Data for this task
---
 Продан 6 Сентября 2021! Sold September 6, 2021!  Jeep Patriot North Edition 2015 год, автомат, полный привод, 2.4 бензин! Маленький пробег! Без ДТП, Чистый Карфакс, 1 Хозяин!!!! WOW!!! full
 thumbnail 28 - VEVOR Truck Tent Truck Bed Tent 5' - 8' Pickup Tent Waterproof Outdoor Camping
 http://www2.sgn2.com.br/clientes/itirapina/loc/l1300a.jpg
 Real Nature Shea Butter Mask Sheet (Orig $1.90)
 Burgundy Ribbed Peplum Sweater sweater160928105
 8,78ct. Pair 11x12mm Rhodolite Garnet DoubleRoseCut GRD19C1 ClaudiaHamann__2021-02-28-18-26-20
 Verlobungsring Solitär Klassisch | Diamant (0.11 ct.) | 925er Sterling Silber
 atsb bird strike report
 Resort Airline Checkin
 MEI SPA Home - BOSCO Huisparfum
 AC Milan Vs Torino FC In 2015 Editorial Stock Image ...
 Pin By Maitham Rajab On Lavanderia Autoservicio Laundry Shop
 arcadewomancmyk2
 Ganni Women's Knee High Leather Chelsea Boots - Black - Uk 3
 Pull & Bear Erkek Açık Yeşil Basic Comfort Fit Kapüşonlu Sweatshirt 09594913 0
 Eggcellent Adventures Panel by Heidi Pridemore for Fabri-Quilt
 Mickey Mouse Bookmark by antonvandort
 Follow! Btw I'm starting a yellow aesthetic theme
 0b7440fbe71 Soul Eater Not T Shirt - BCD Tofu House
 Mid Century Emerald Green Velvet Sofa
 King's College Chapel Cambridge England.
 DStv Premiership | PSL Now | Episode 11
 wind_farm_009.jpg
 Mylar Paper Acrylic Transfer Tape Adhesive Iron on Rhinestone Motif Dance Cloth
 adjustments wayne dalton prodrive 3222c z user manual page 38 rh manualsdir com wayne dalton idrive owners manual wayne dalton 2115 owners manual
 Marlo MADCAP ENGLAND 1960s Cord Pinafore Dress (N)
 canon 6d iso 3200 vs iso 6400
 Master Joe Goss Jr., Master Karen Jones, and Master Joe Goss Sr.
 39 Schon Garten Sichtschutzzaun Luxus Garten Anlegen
---
Your task
Everything from the line containing "Mylar Paper Acrylic" down to the last line of the entries is to be returned exactly, both ends included, and nothing beyond it.

Response area
 Mylar Paper Acrylic Transfer Tape Adhesive Iron on Rhinestone Motif Dance Cloth
 adjustments wayne dalton prodrive 3222c z user manual page 38 rh manualsdir com wayne dalton idrive owners manual wayne dalton 2115 owners manual
 Marlo MADCAP ENGLAND 1960s Cord Pinafore Dress (N)
 canon 6d iso 3200 vs iso 6400
 Master Joe Goss Jr., Master Karen Jones, and Master Joe Goss Sr.
 39 Schon Garten Sichtschutzzaun Luxus Garten Anlegen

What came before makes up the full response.